Допустим, что в Бирюлево мы наблюдаем передел рынка, провокаторов и политическую комбинаторику — это всё версии, которые нравятся моим друзьям. И я даже знаю, почему нравятся — так легче. Но нож, от которого погиб Егор Щербаков, и ярость бирюлевских тетушек, кричавших «Русские — вперед!», версии не отменяют. Как и вчерашнюю «Пражскую», которую уже никто и не обсуждал. Не сенсация.
У нас плохо с понятийным аппаратом, определения и ярлыки у нас свалены в одну кучу, слова, обозначающие явления в сфере национальной политики, прошли через советскую идеологическую машину и покорежились. Поэтому «это» можно называть как угодно — хоть национализмом, хоть ксенофобией, хоть страхом чужого, хоть идентификацией со своим. Однако есть факт — вышли люди, заявили, что требуют законности и что они русские и вперед. Сопровождая свое заявление битьем стекол под одобрение бабушек. Что можно сделать, чтобы рационализировать страх, охвативший нерусских при виде этого зрелища, да и русских тоже? Отменить-то произошедшее нельзя.
Видимо, отсечь последствия от причины.
Мы вынуждены тереться друг о друга, не решив вопроса, кто мы — разные по национальности и вероисповеданию люди, которые живут в Москве и, шире, в России. Какую общность мы представляем — свой этнос, свою малую родину, свою социальную группу, профессиональную страту, свою религию, диаспору? Если актуальны только эти определения, но более не актуально ничего, то есть все основания бояться чужого и отвоевывать свое. Кто мы друг другу в России, на основании какого кода нам коммуницировать? Того, что наши отцы служили вместе в Советской армии и состояли в КПСС, а еще раньше был Сталинград? Не получается. На улицах бьется молодежь, для которой СССР — каменный век.
Про что нынешняя Россия вообще? Про заработок любой ценой — хоть сдачей квартир 20 нелегалам, хоть крышеванием овощебазы? Про ощущение, что после нас хоть потоп — уедем в Европу, уедем в Азербайджан? Или про язык, культуру, цивилизацию?
Мы попали в кризис идентичности — старой советской уже нет, новая идентичность не состоялась. По Бирюлево разбросаны ее осколки — стекла и арбузы. И это страшно, да. И заставляет изучать в зеркале свой цвет волос. У меня на сегодняшний день тоже темноваты.
На вопрос «что теперь делать со своим страхом?» блондинкам и брюнетам, похоже, есть два ответа.

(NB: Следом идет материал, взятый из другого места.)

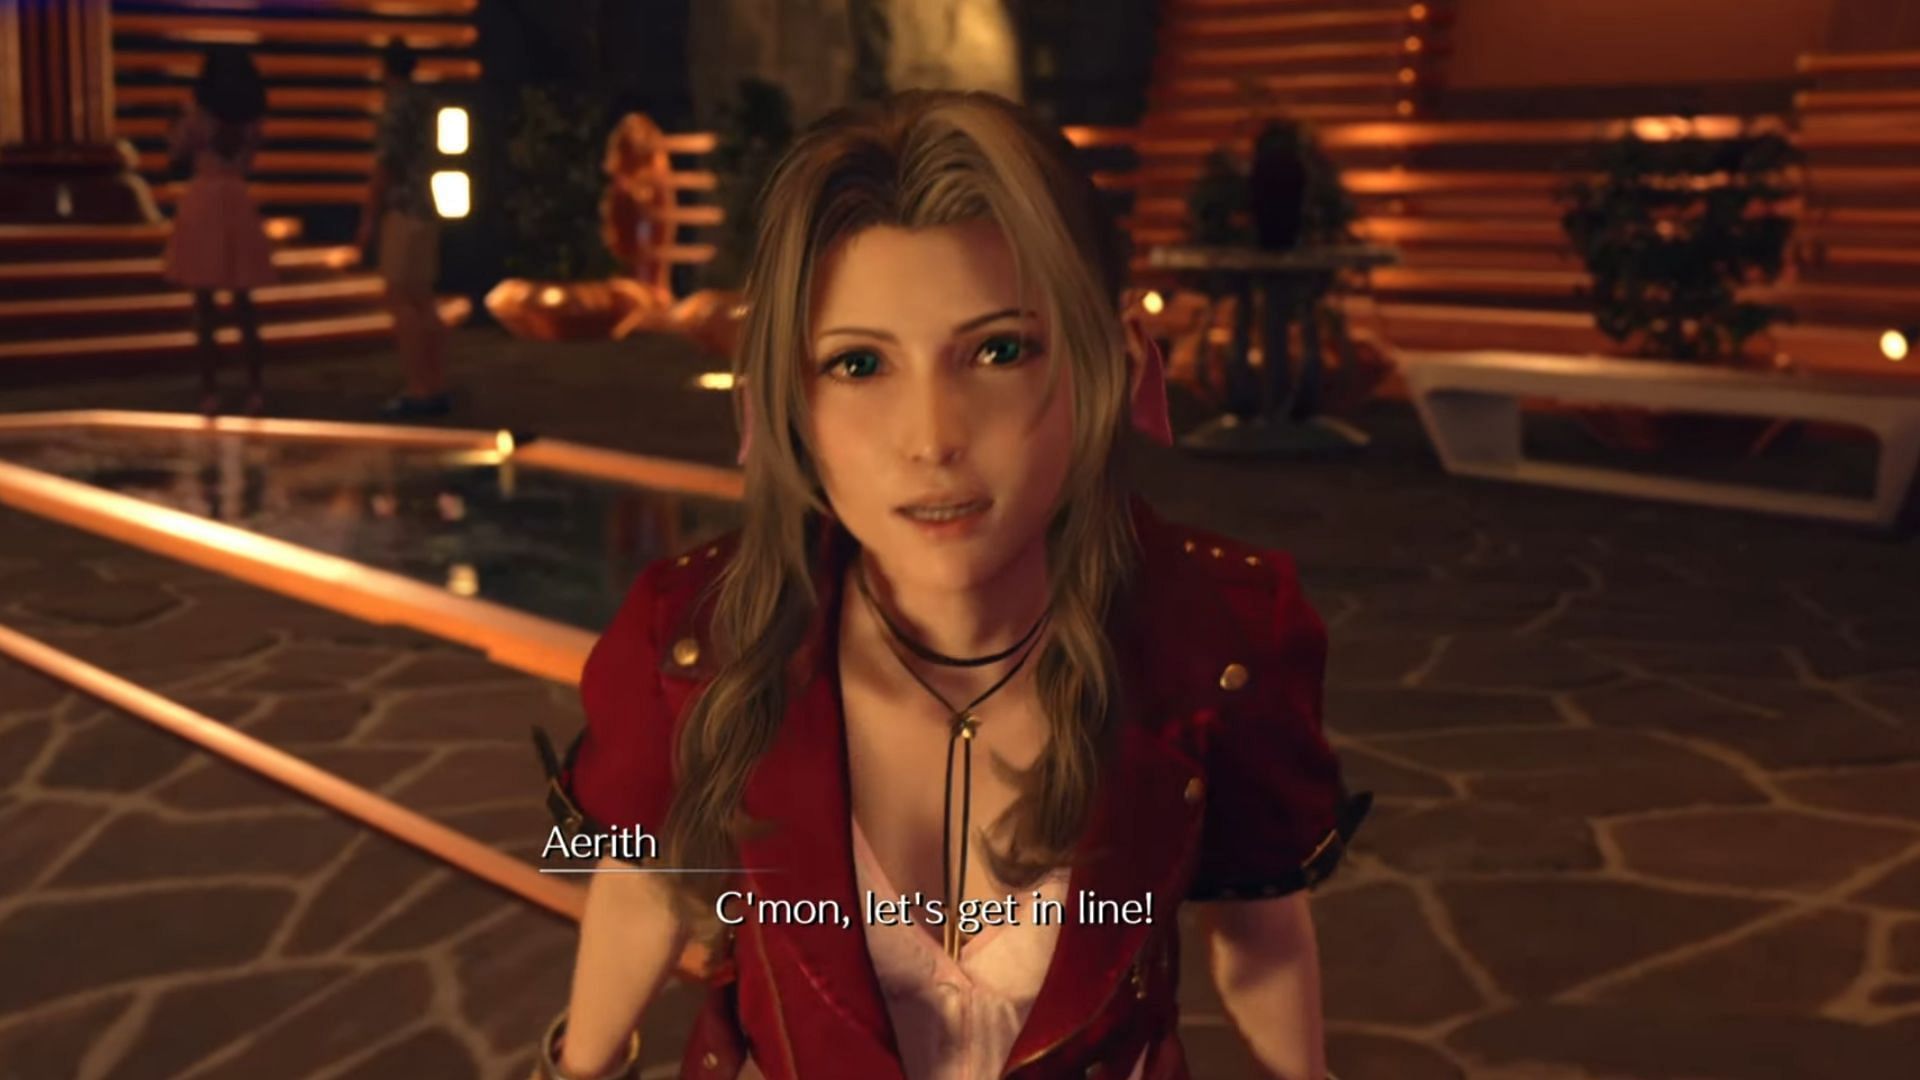 You need to select certain dialog choices to quickly increase your affinity with Aerith in Final Fantasy 7 Rebirth (Image via Square Enix)
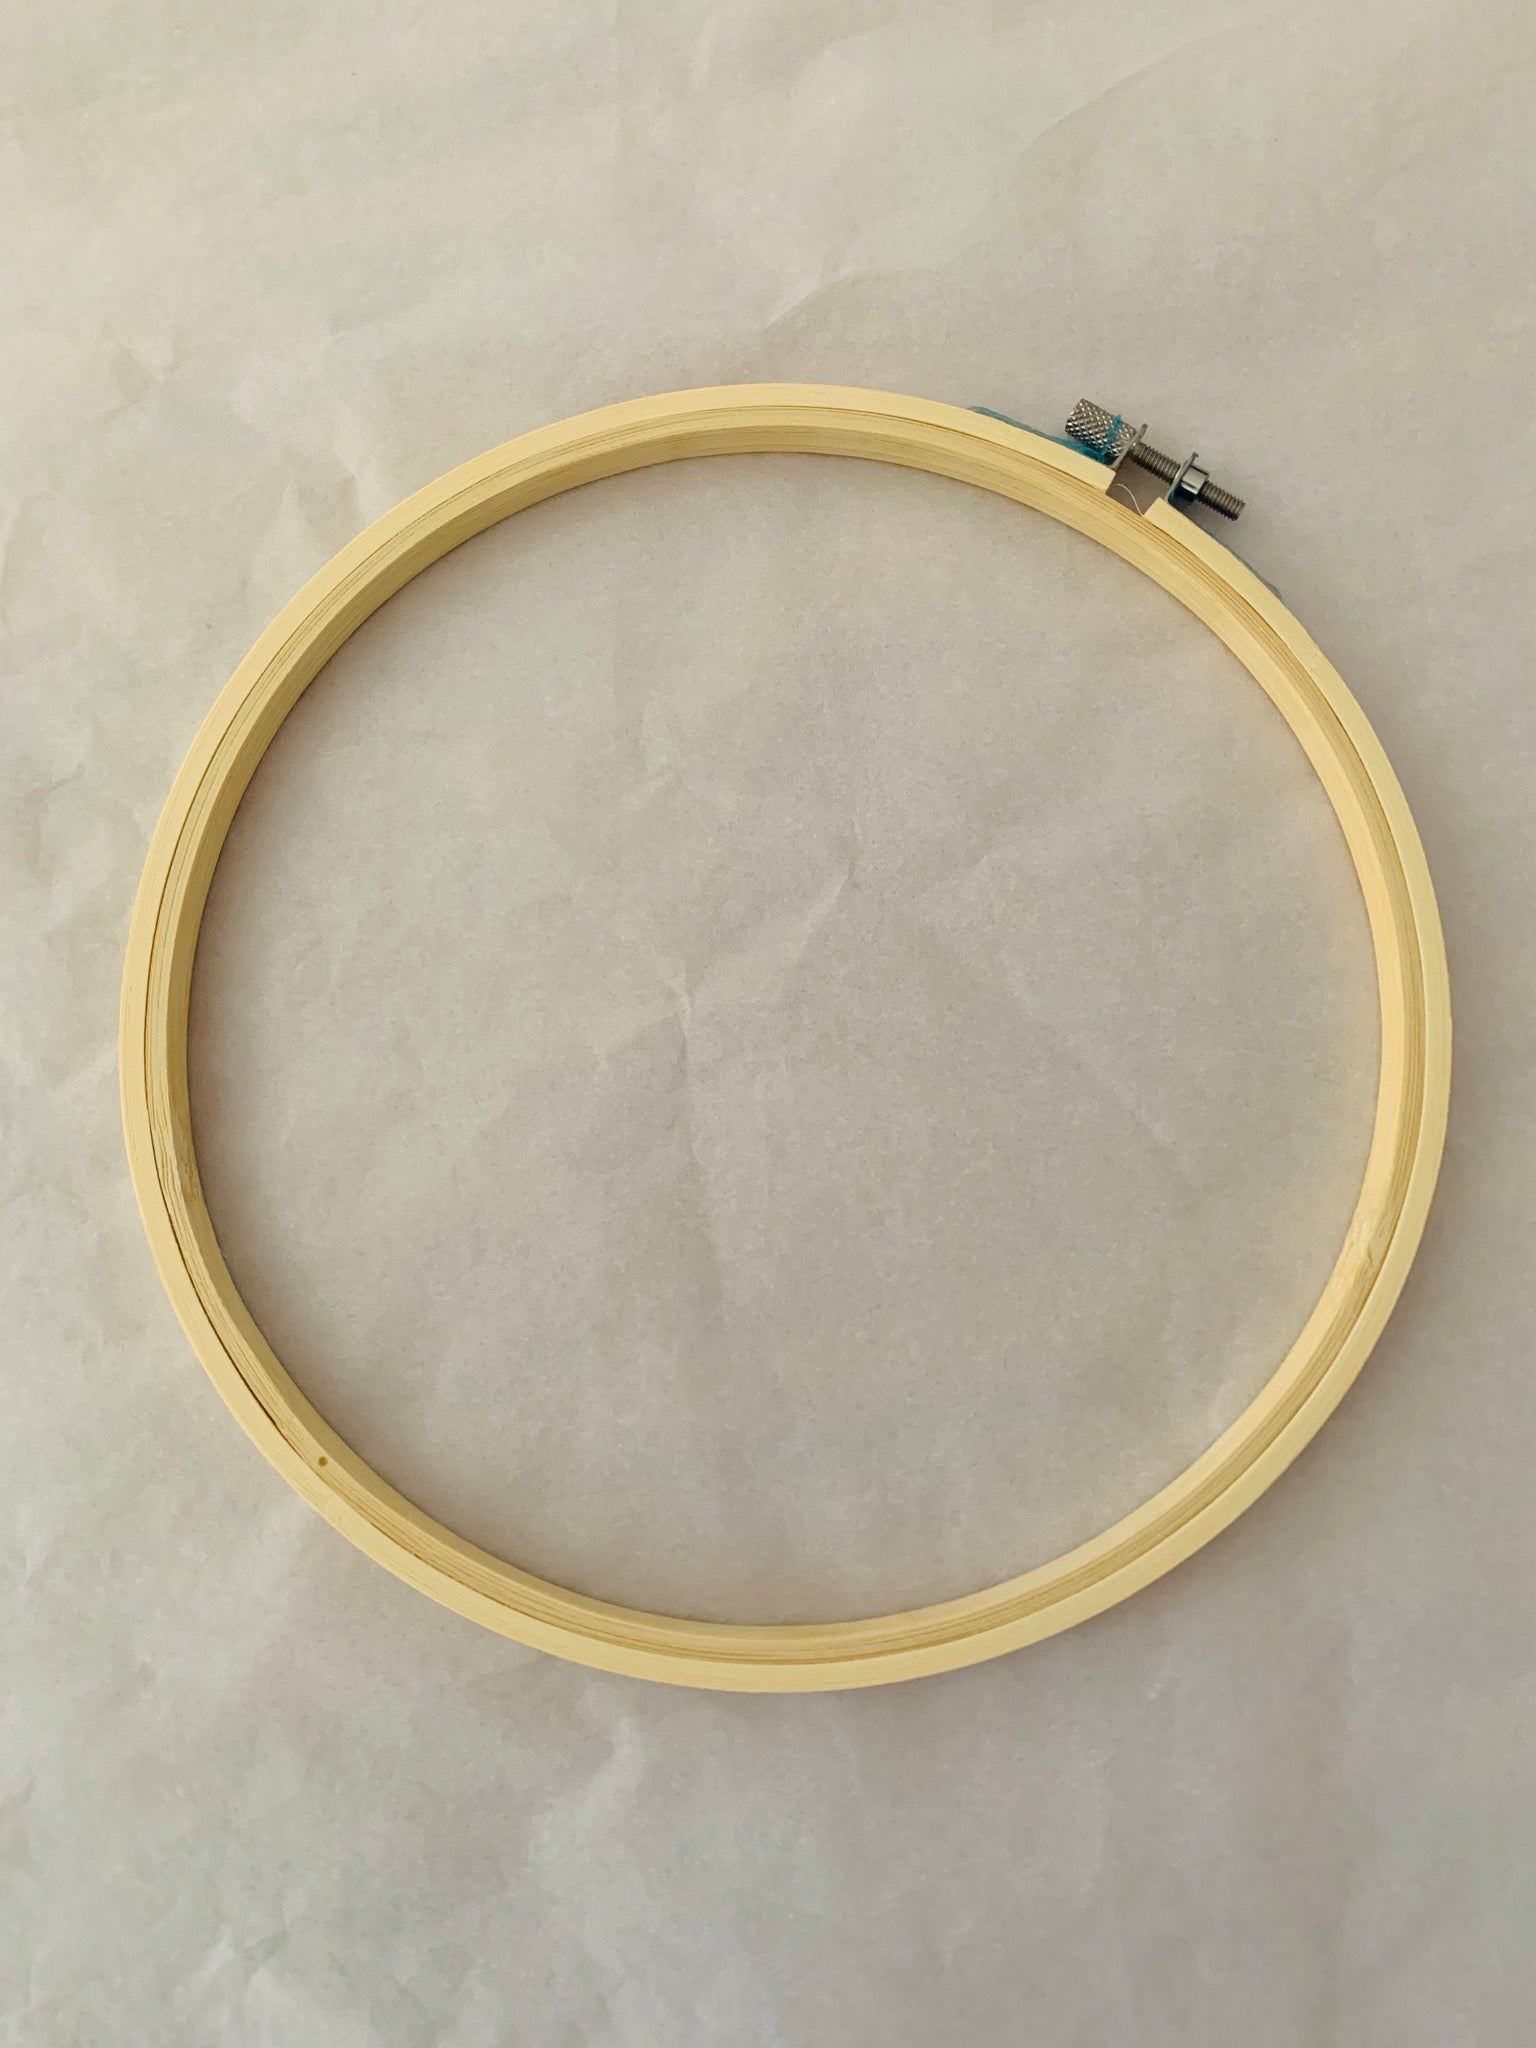 Large bamboo embroidery hoop 8”

Совершить транзит от постсоветской империи, где каждый боится чужака, охотится на него, зарабатывает на нем или морочит ему голову, к новой идентичности на основе русского цивилизационного проекта, не этнического, а культурного. К пониманию — кто мы, зачем и что тут делаем. Из разномастного «населения», не имеющего субъектности, бредущего уже 20 лет по пустыне алчности и политических манипуляций, стать единой гражданской нацией. Или не стать. Не факт, что сейчас все граждане России этого захотят. И это вопрос не к чужим, а ко всем своим — успеем ли сменить ярость разрушения на столь же истовое созидание? Но других вариантов нет. Жить в страхе и неопределенности больше невозможно.